Sa pratique dialoguant avec la mode ne se résume pas à la collaboration commerciale : ses accessoires (chapeaux, chaussures, robes), créations sculpturales et performances ont questionné dès les années 1960 la place du corps, la construction de l’identité, la transformation sociale et l’empowerment féminin. Kusama fait de la mode un art total, subversif, conceptuel et thérapeutique à la fois.

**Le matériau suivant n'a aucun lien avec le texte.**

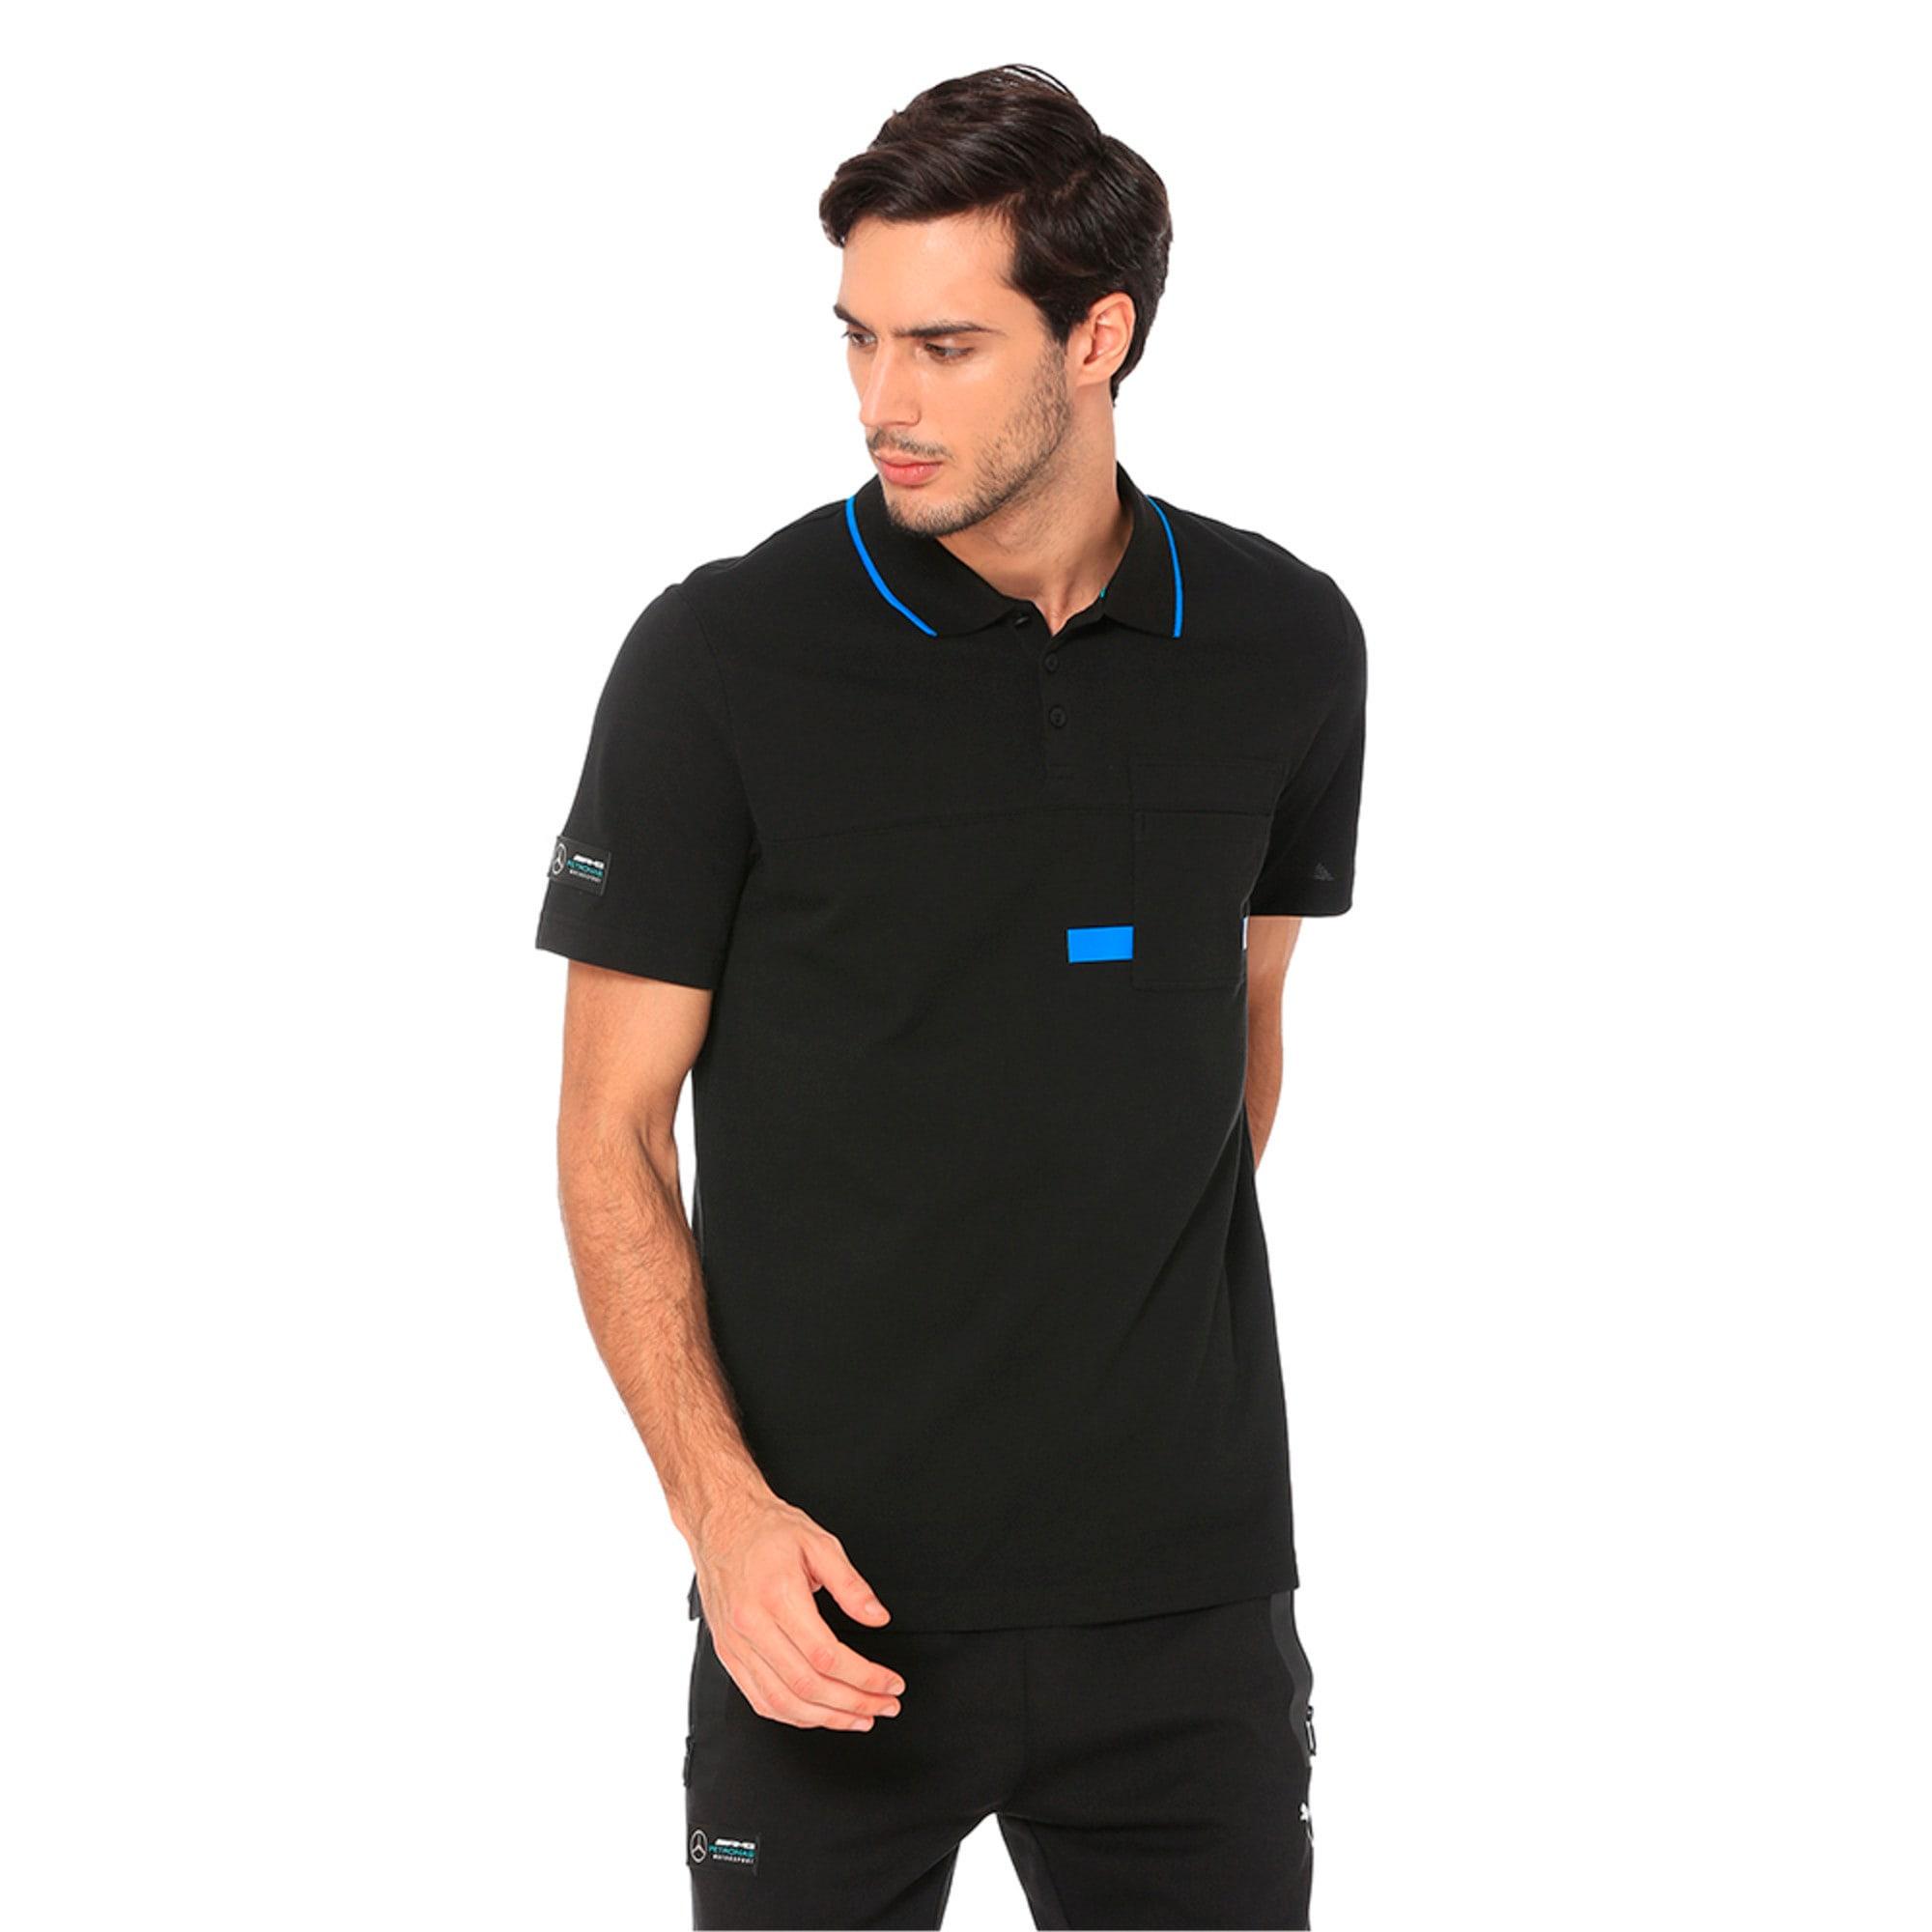 Thumbnail 1 of MERCEDES AMG PETRONAS Men's Polo Shirt, Puma Black, medium-IND

L'Art à Pois et Sans Fin : Le Monde Kusama

Yayoi Kusama possède une maîtrise protéiforme : peinture, sculpture, installation, performance, littérature, design, mode et vidéo. Son langage plastique est immédiatement identifiable, fondé sur l’obsession de la répétition, le motif du point (« polka dot »), les filets infinis, les miroirs créant des espaces sans fin, les citrouilles, les phallus en tissus (« soft sculptures »). Son travail s’inscrit au croisement du pop art, du minimalisme, du surréalisme, de l’art brut, mais reste fondamentalement singulier, centré sur l’expérience psychique subjective, l’autobiographie et la critique du monde marchand.

Ses installations immersives, les fameuses Infinity Mirror Rooms, ont révolutionné le rapport spectateur/œuvre, invitant à des expériences sensorielles totalisantes, à la limite de la dissolution de soi dans l’infini. Par l’usage de la répétition et de l’accumulation, Kusama porte à leur paroxysme les interrogations sur l’identité, le désir, la maladie mentale, la symbiose entre l’individu et l’univers.

Un triomphe en pointillé

Après des décennies d’ombre relative, Kusama devient dans les années 2000 la femme artiste la plus bankable à l’échelle planétaire, adoubée aussi bien par le marché de l’art, la critique, le milieu muséal que le grand public. Son influence irrigue nombre de créateurs contemporains, et son engagement pour la visibilité féminine, la santé mentale et la résistance créative en fait une figure de résilience universelle.

Parmi ses succès, on compte l’inauguration de musées à son nom, des records de fréquentation pour ses expositions, l’intégration de ses œuvres majeures dans les plus prestigieuses collections et une notoriété pop planétaire. En parallèle, Kusama n’a jamais caché ses luttes contre l’anxiété, la solitude extrême, le sentiment d’effacement, la dépression, le spectre du suicide. Son œuvre entière se vit comme un acte de survie, où création et souffrance se confondent dans un même désir de transcendance.

À 96 Ans, Des Pois Toujours Frais !

Désormais nonagénaire, Yayoi Kusama vit de façon volontaire dans un hôpital psychiatrique à Tokyo depuis 1977. Son atelier, voisin de l’hôpital, lui permet de continuer à peindre, sculpter, élaborer de nouveaux projets avec une discipline rigoureuse. Elle affirme peindre chaque jour, considérant que l’art est la force motrice qui lui permet de continuer à affronter la vie, tout en cultivant un message d’espoir et d’amour universel.

La créativité de Kusama ne faiblit pas : elle multiplie expositions, nouvelles œuvres, performances et collaborations, continuant d’inspirer le monde de l’art et de la mode, jusqu’à faire de l’infini, du point et du miroir des symboles universels de l’expérience humaine contemporaine.